▶ [EXERCISE INSTRUCTIONS]: Please repeat the data exactly. Any picture in it stays out.

▶ [GIVEN INFORMATION]:
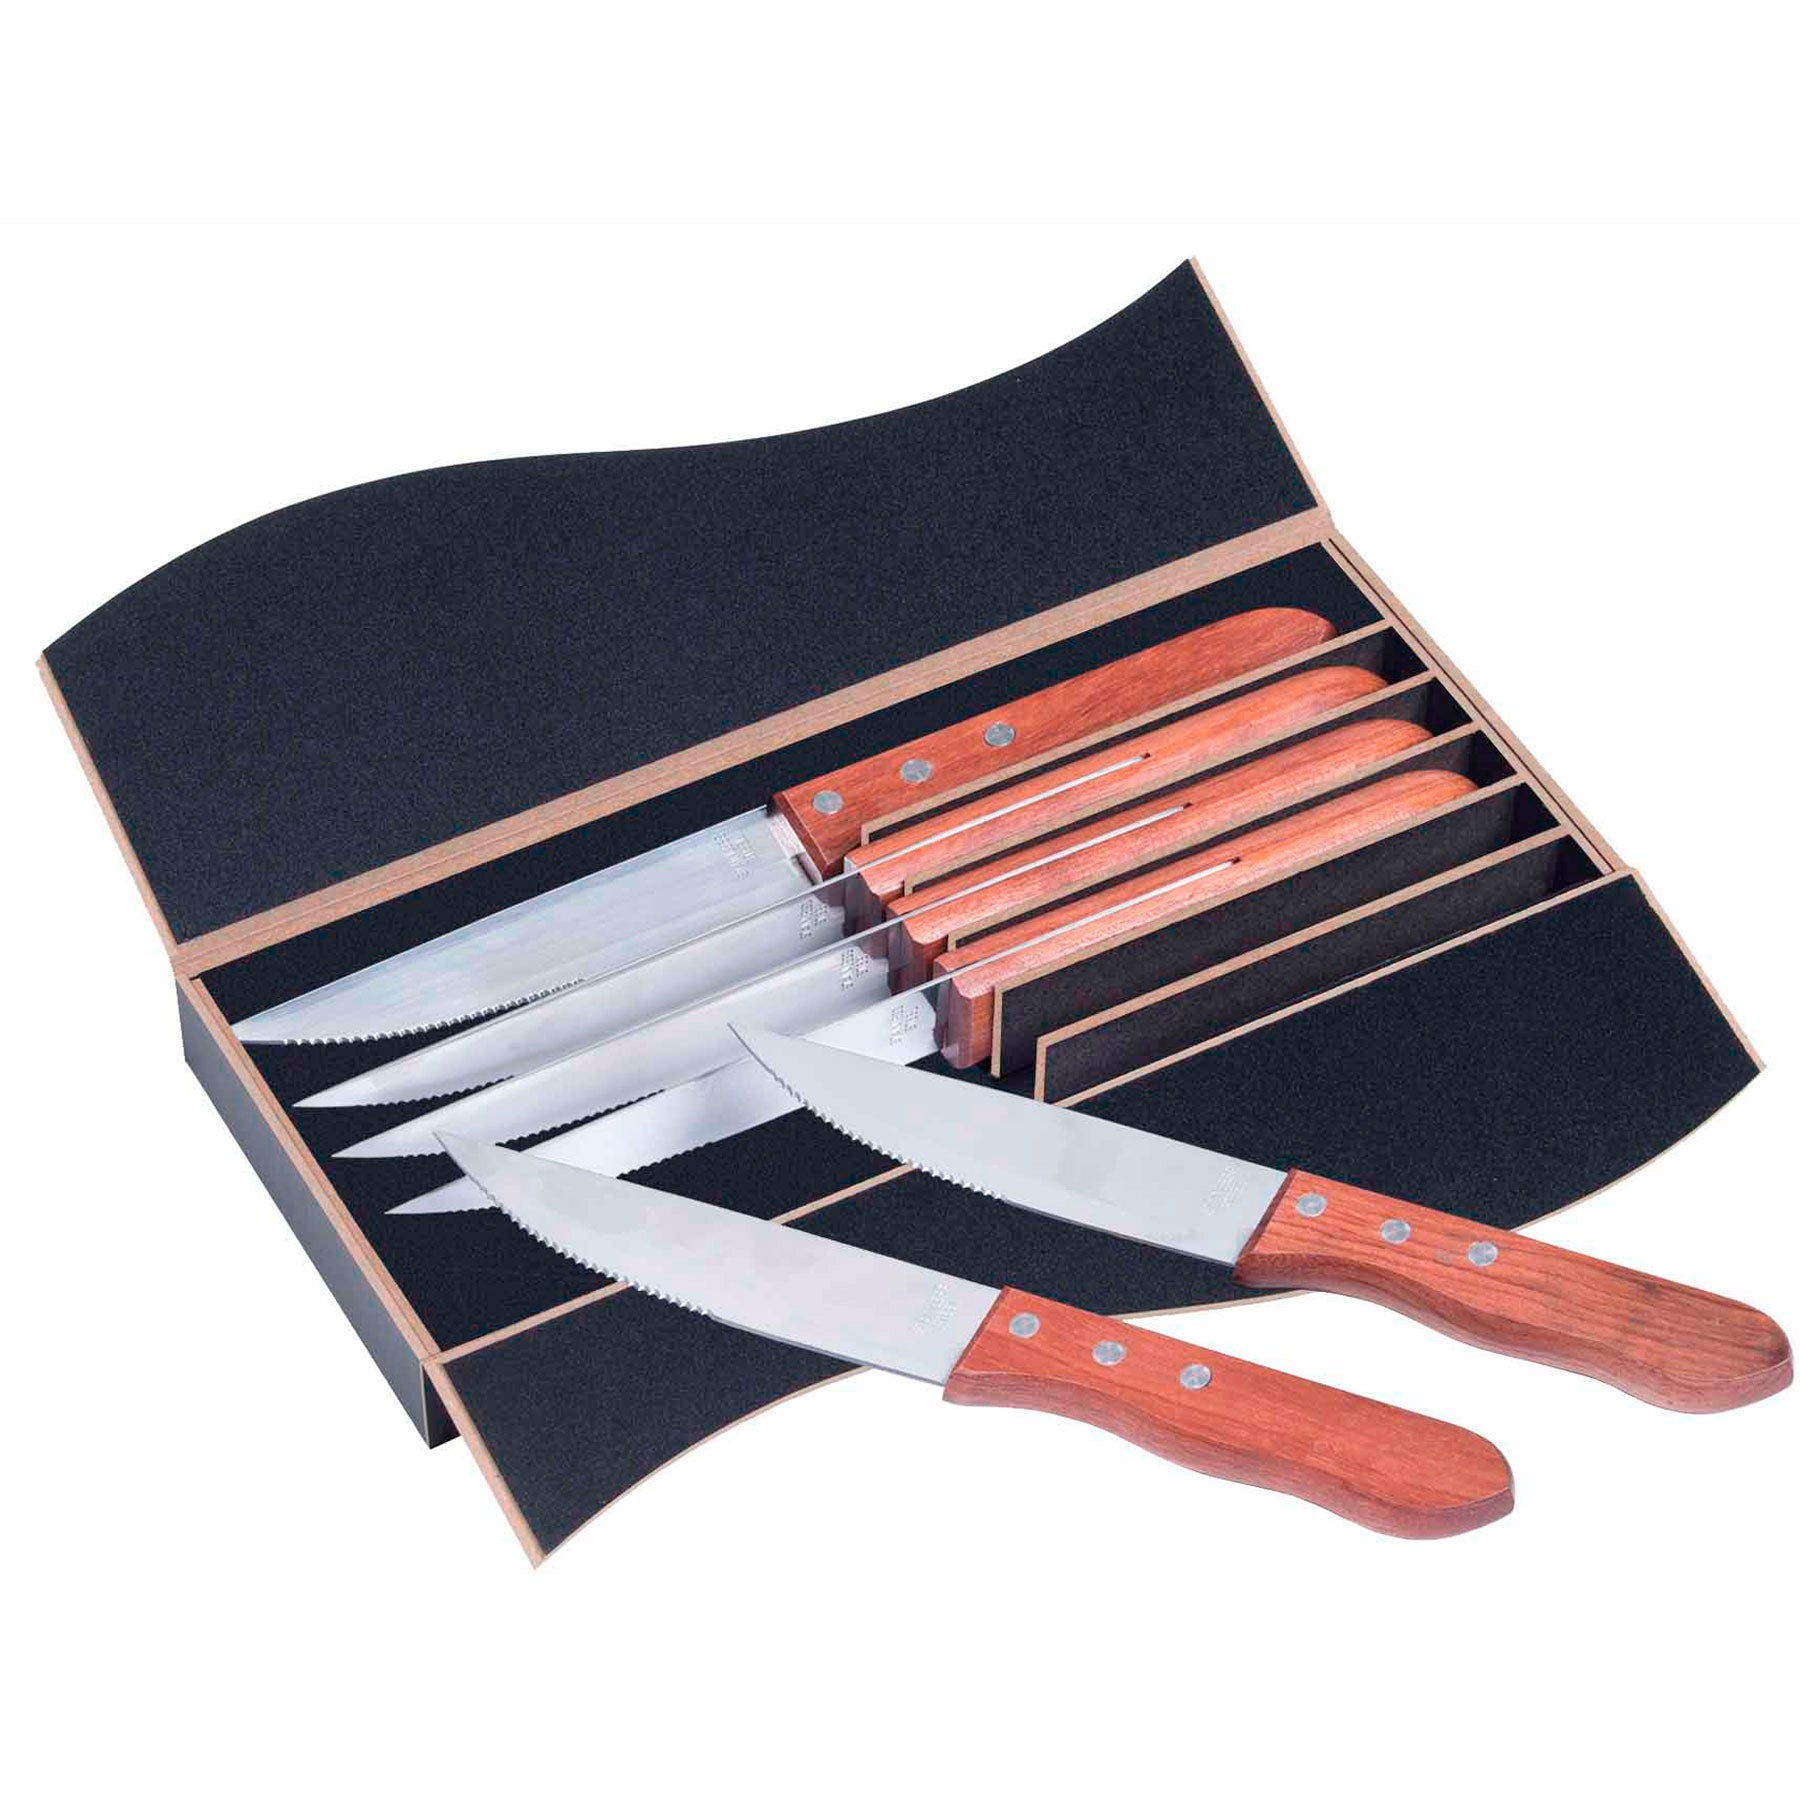 Set of 6 steak knives with stainless steel blades and rosewood timber handles displayed inside a moulded black box
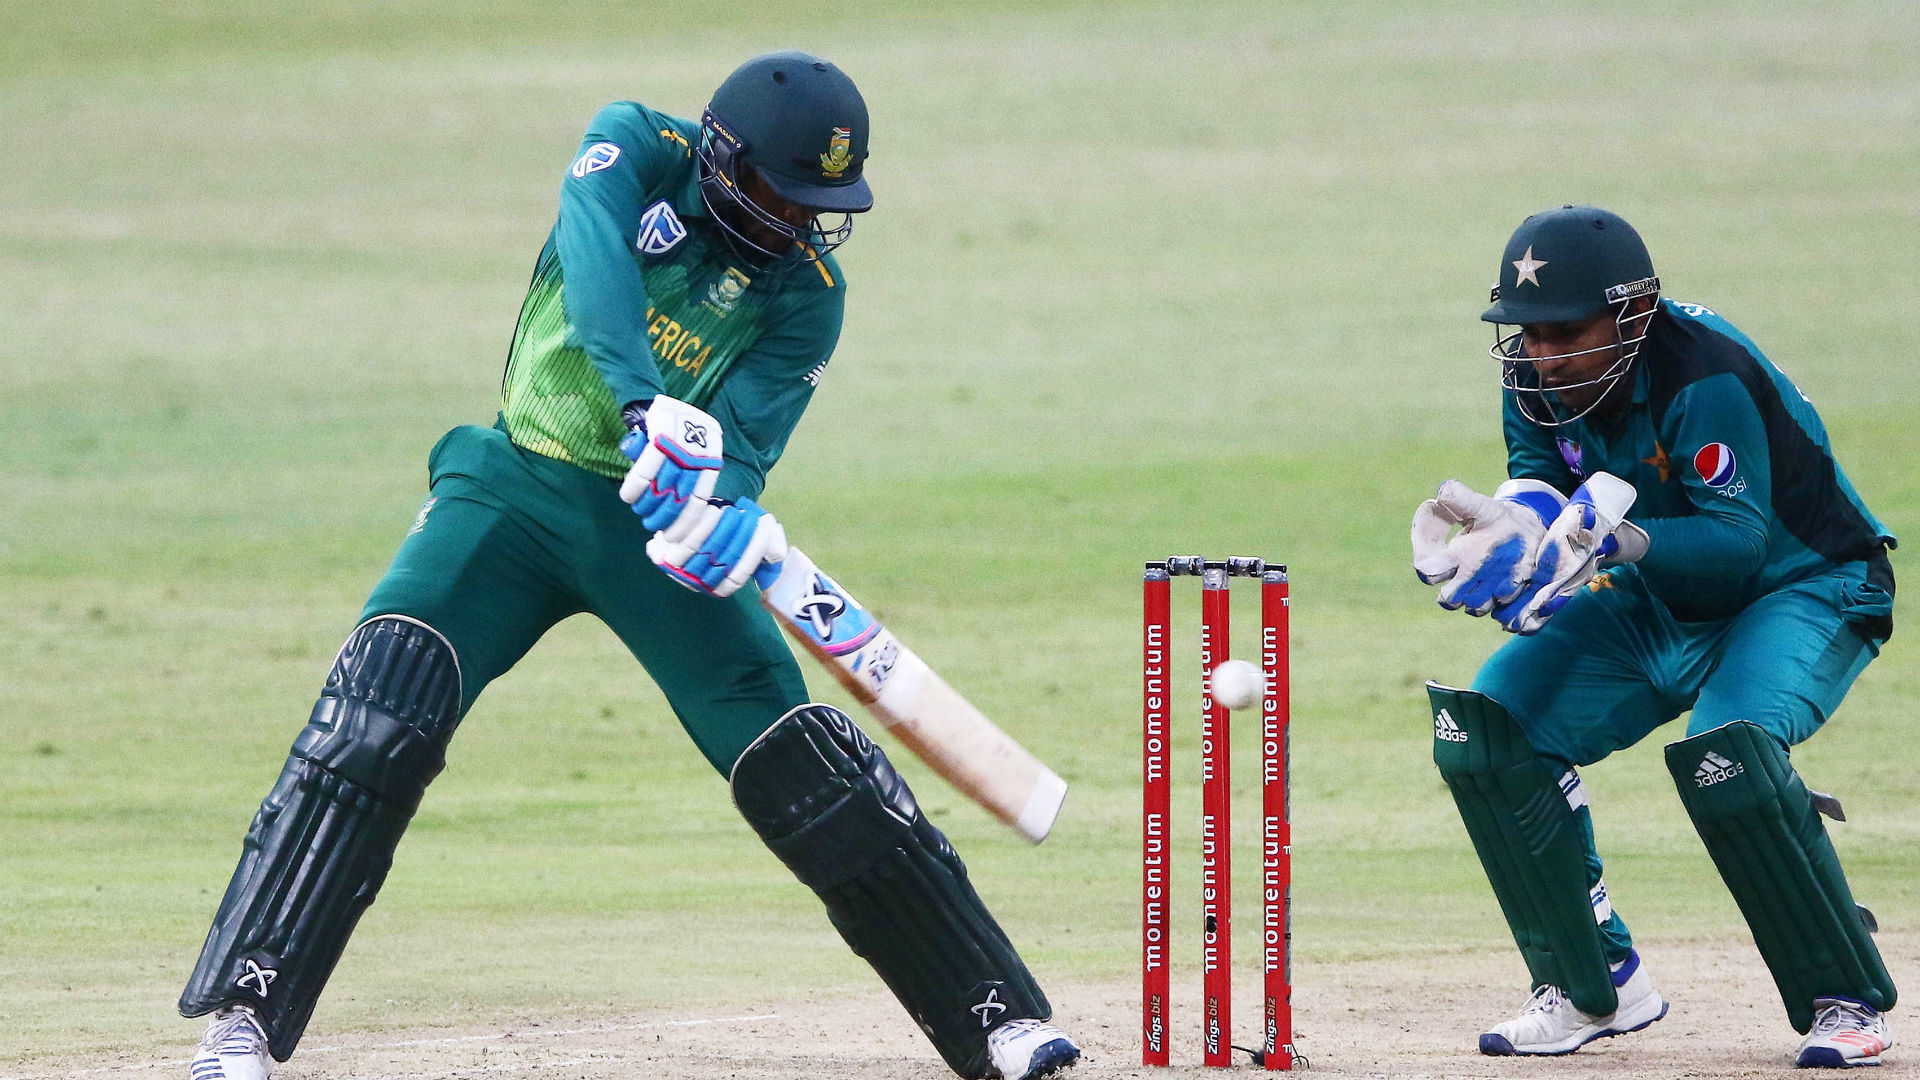 South Africa levelled their ODI series against Pakistan thanks to an impressive recovery from Andile Phehlukwayo and Rassie van der Dussen.
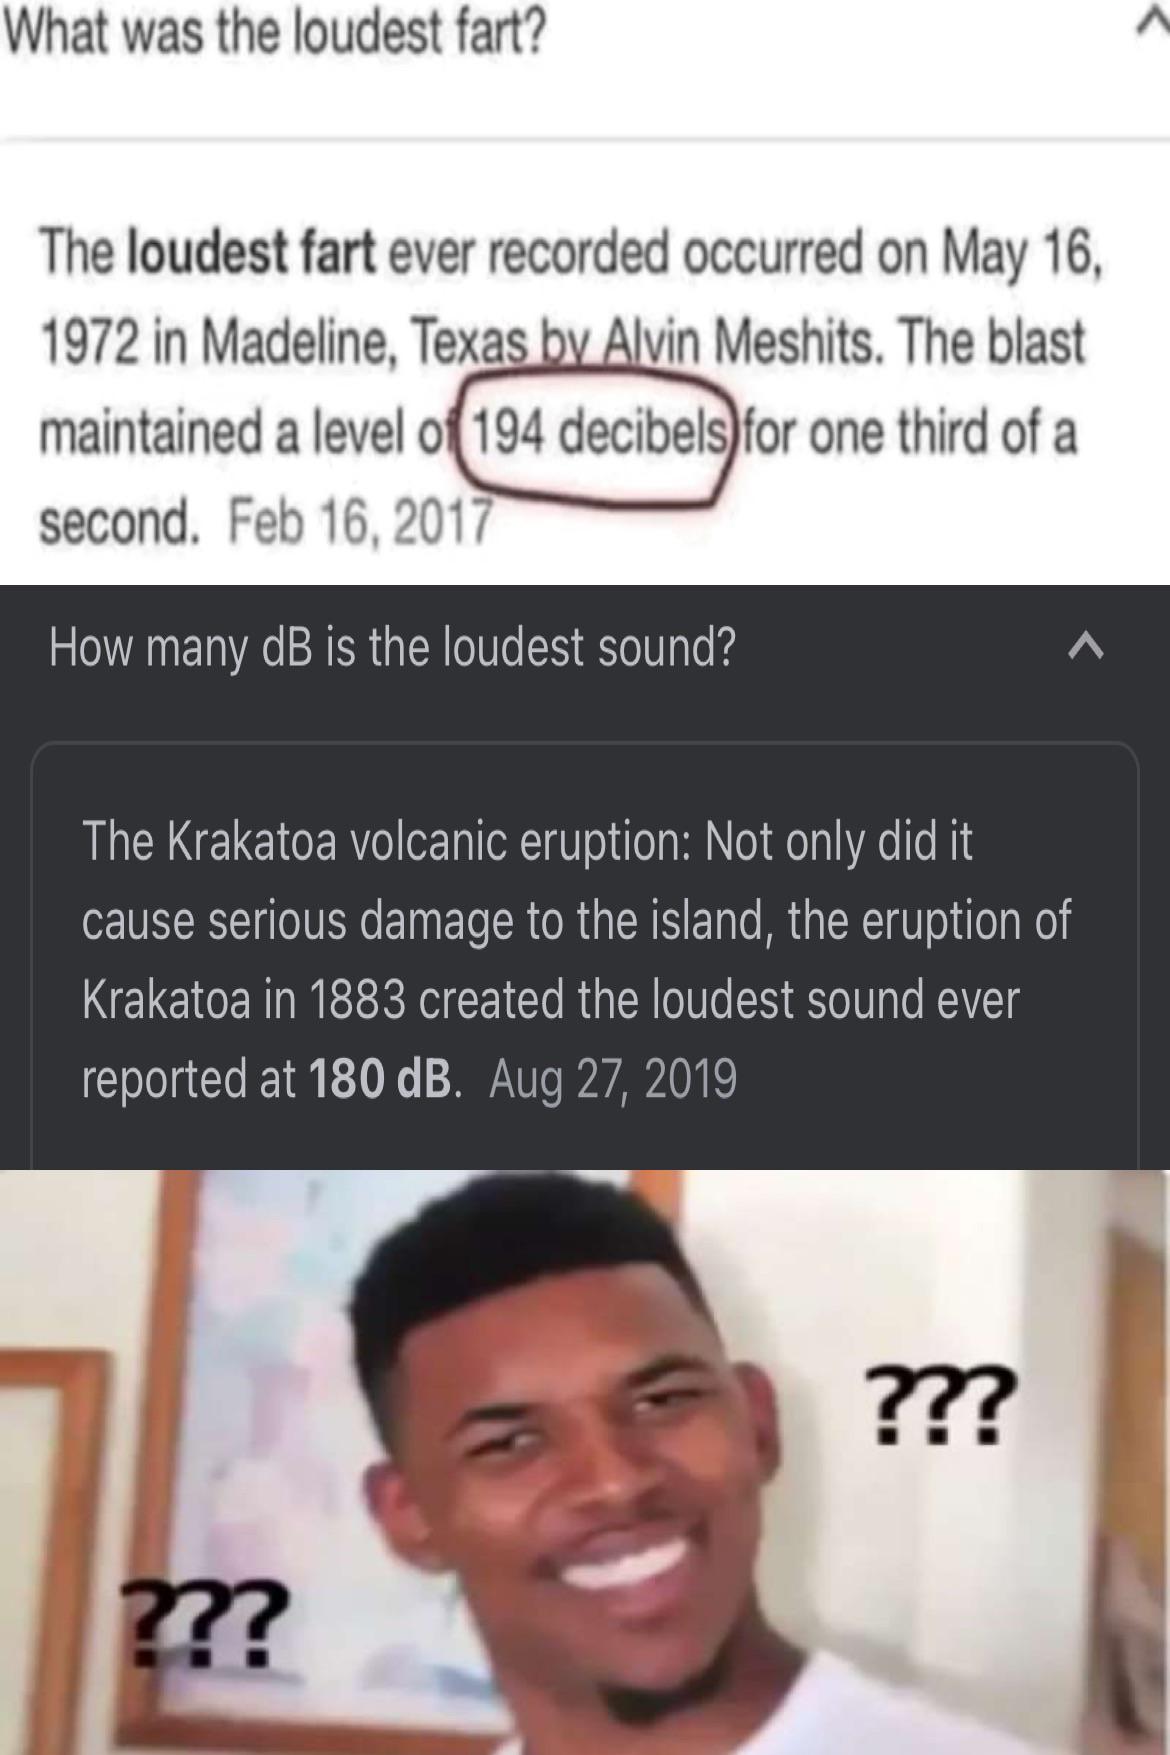 dank memes - funny memes - aromantic memes - What was the loudest fart? The loudest fart ever recorded occurred on in Madeline, Texas by Alvin Meshits. The blast maintained a level of 194 decibelsfor one third of a second. How many dB is the loudest sound
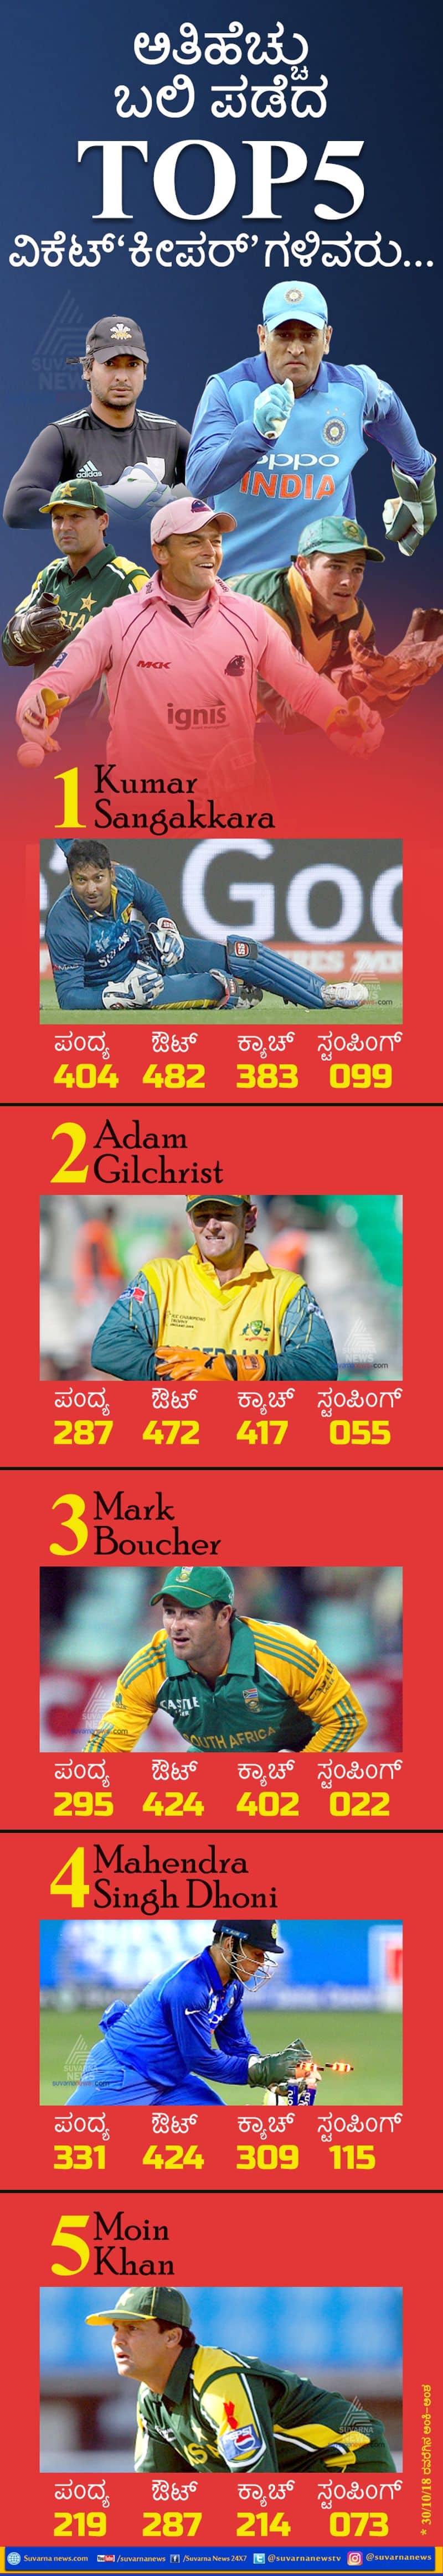 Top 5 wicket keepers with most dismissal in ODIs Cricket

▶ [ANSWER SPACE]:
 Set of 6 steak knives with stainless steel blades and rosewood timber handles displayed inside a moulded black box
 South Africa levelled their ODI series against Pakistan thanks to an impressive recovery from Andile Phehlukwayo and Rassie van der Dussen.
 dank memes - funny memes - aromantic memes - What was the loudest fart? The loudest fart ever recorded occurred on in Madeline, Texas by Alvin Meshits. The blast maintained a level of 194 decibelsfor one third of a second. How many dB is the loudest sound
 Top 5 wicket keepers with most dismissal in ODIs Cricket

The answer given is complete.